= Ohio Planning Conference =

The Ohio Planning Conference (OPC) is an association of citizens and planners that promotes city and regional planning in the state of Ohio. OPC is a chapter of the American Planning Association (APA) and is APA's second-oldest chapter.

In 2010, the group changed its name to APA Ohio.

OPC was founded in October 1919 in Cleveland, Ohio for the "interchange of ideas upon, and to promote the cause of, city, town and regional planning in the State of Ohio" as the Ohio State Conference on City Planning. Among OPC's founders and its second president was Alfred Bettman, a Cincinnati, Ohio-based attorney who later wrote the amicus curiae brief in Village of Euclid, Ohio v. Ambler Realty Co., a 1926 United States Supreme Court decision that paved the way for the use of zoning throughout the U.S. OPC provided Bettman the seed money to file the brief.

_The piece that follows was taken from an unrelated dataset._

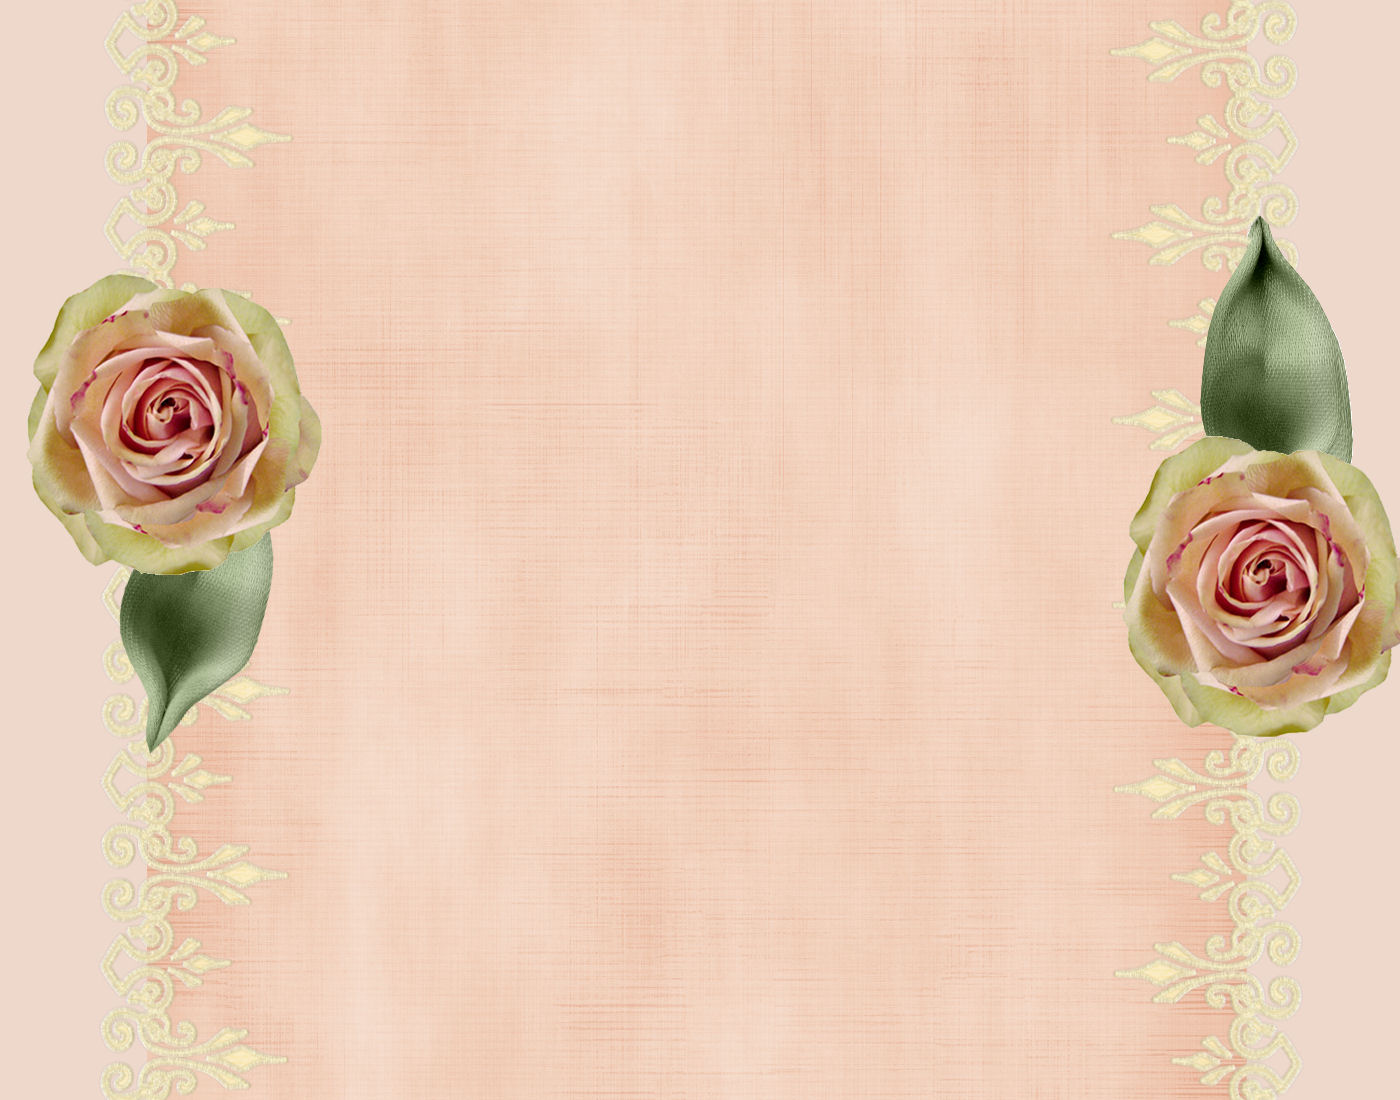 Elegant Roses Backgrounds powerpoint backgrounds

A second notable early leader and president of the organization was Ernest J. Bohn, a pioneer in public housing in the Cleveland area. Both Mr. Bettman and Mr. Bohn, along with another founder, Charlotte Rumbold, have been recognized through APA's national planning pioneer program. In light of OPC's legacy as the first statewide association of citizens and planners, APA recognized the founding of OPC as one of 88 national planning landmarks

OPC publishes a bimonthly newsletter, The Ohio Planners News, and conducts an annual statewide conference as well as other educational and training activities. In addition to the state organization, OPC has six regional sections: Akron, Central Ohio, Cleveland, Greater Cincinnati, Miami Valley, and Northwest Ohio.